Distilled SFT examples and checkpoints. Storage substrate: generated ShareGPT/Alpaca JSON files and external model checkpoints. Representational form: prose prompts/reasoning, symbolic action tags, and parametric policy weights after SFT/RL. Lineage: trace-extracted from successful rollouts plus LLM-generated reasoning. Behavioral authority: learning authority; the SkillBank can become implicit policy behavior rather than explicit prompt text.

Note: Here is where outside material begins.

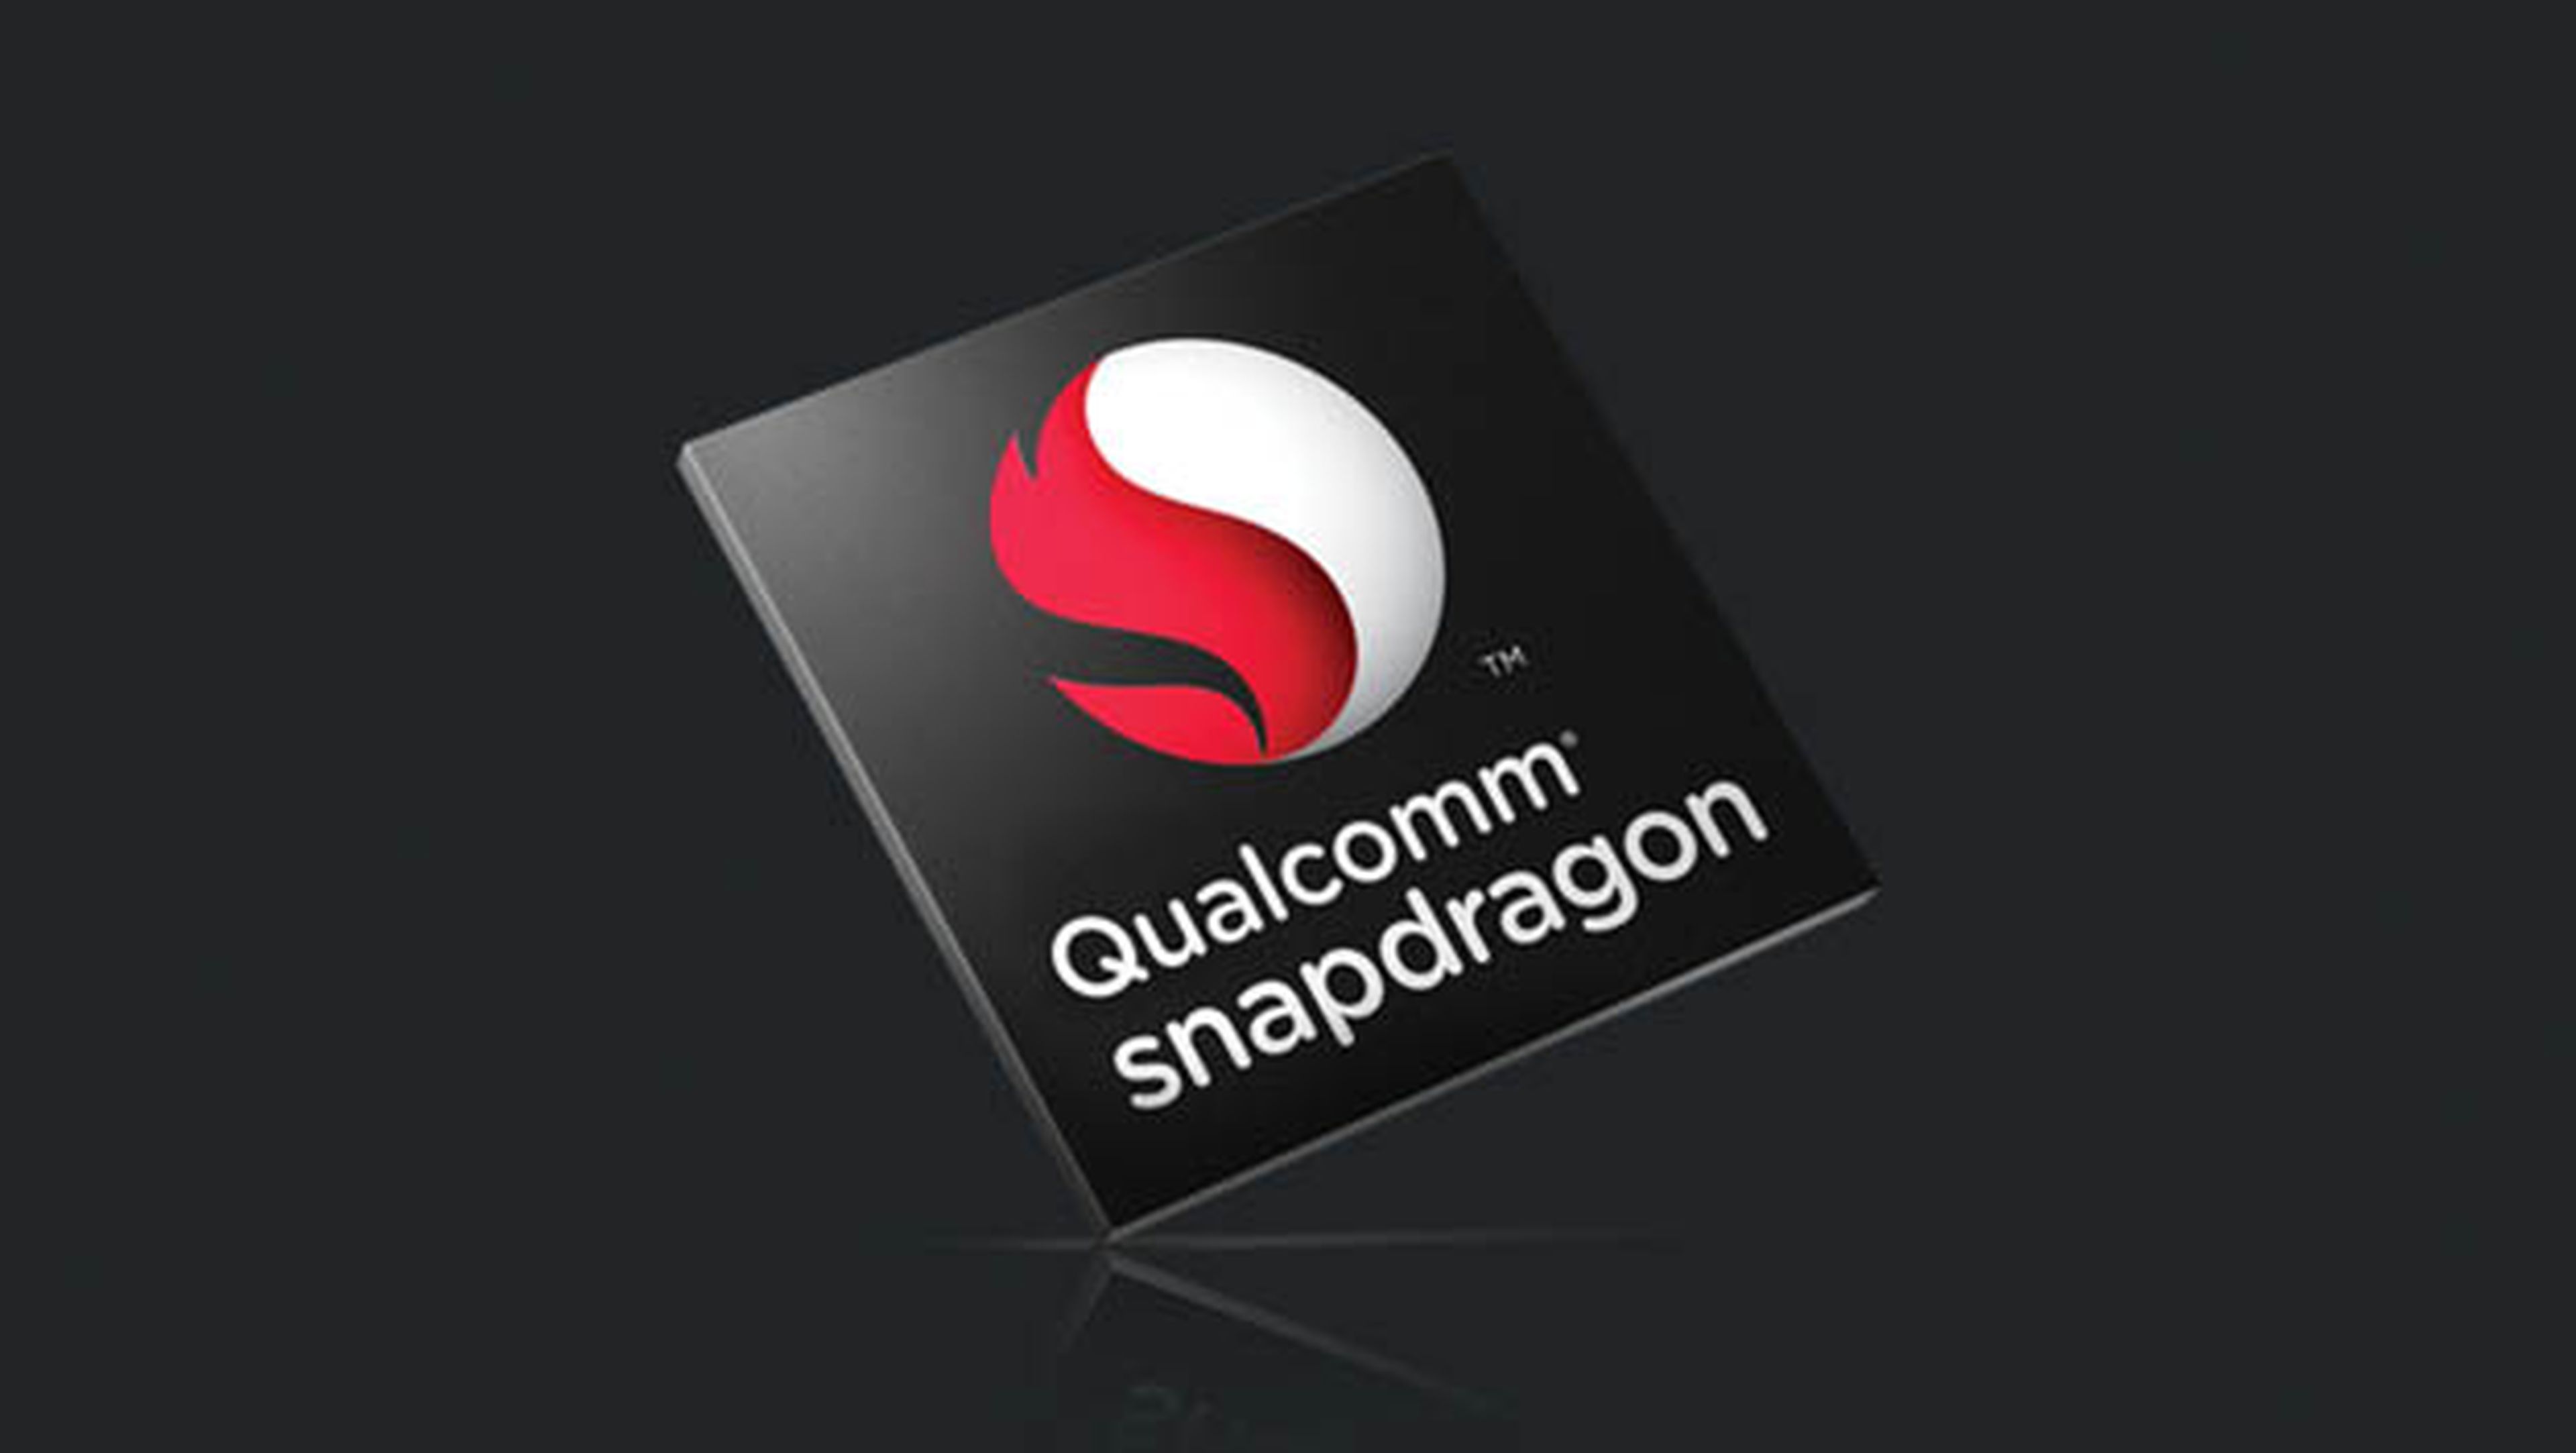 Qualcomm Snapdragon 820 presentado oficialmente

Promotion path. SkillRL promotes experience through: rollout text -> structured trajectory JSON -> generated memory record -> aggregated SkillBank -> prompt-injected runtime memory and/or SFT examples -> trained policy weights. The online/dynamic branch is shorter: failed trajectory -> SkillUpdater prompt -> appended general skill -> saved updated SkillBank -> later training prompts. Provenance is mostly coarse; final skills do not keep stable source trajectory ids or invalidation rules.

Comparison with Our System

SkillRL and Commonplace both reject raw logs as the final memory surface. SkillRL distills trajectories into short procedural rules and mistakes, then pushes them into future prompts or model weights. Commonplace distills sources and work traces into typed Markdown notes, reviews, instructions, schemas, generated indexes, and validation records. SkillRL is stronger at automatically turning repeated task experience into behavioral guidance; Commonplace is stronger at source retention, explicit review state, link semantics, and deterministic validation before artifacts gain authority.

The closest alignment is the raw-to-promoted boundary. SkillRL's generated_memories are like workshop/evidence artifacts: useful but not the main action surface. The SkillBank is the promoted surface. Commonplace should preserve that distinction if it mines agent traces, but it would need stronger citations, source ids, and replacement/invalidation policy before a generated rule becomes instruction-level context.

The main divergence is read-back direction. SkillRL pushes selected skills into the model prompt, while Commonplace mostly expects agents to pull relevant files through rg, indexes, skills, and links. Push avoids making the acting agent search, but it hides relevance mistakes inside the prompt assembly layer.

Another divergence is parametric absorption. SkillRL's SFT/RL path can turn trace-derived skills into model behavior. Commonplace treats retained knowledge as inspectable artifacts; using model weights as memory would weaken reviewability unless paired with evaluation probes and retained training lineage.

Borrowable Ideas

Use a two-stage trace distillation layer. Commonplace could mine work logs into low-authority generated memories first, then aggregate only reviewed candidates into instructions or notes. Ready as a workshop pattern.

Separate generated memory from served memory. SkillRL keeps raw/generated trajectory abstractions distinct from compact SkillBank entries. Commonplace should keep trace evidence, candidate insights, and promoted artifacts as separate file types. Ready now.

Treat dynamic skills as append-only candidates by default. SkillRL appends dyn_* skills and saves snapshots instead of silently rewriting the base bank. Commonplace could use the same stance for mined procedural advice, but with review gates before activation. Ready with governance added.

Do not borrow weak provenance for high-authority prompts. SkillRL's final skills are concise, but they lose exact source trajectory ids and merge ancestry. Commonplace should retain source links and invalidation triggers before pushing generated advice. Ready as a design constraint, not a feature.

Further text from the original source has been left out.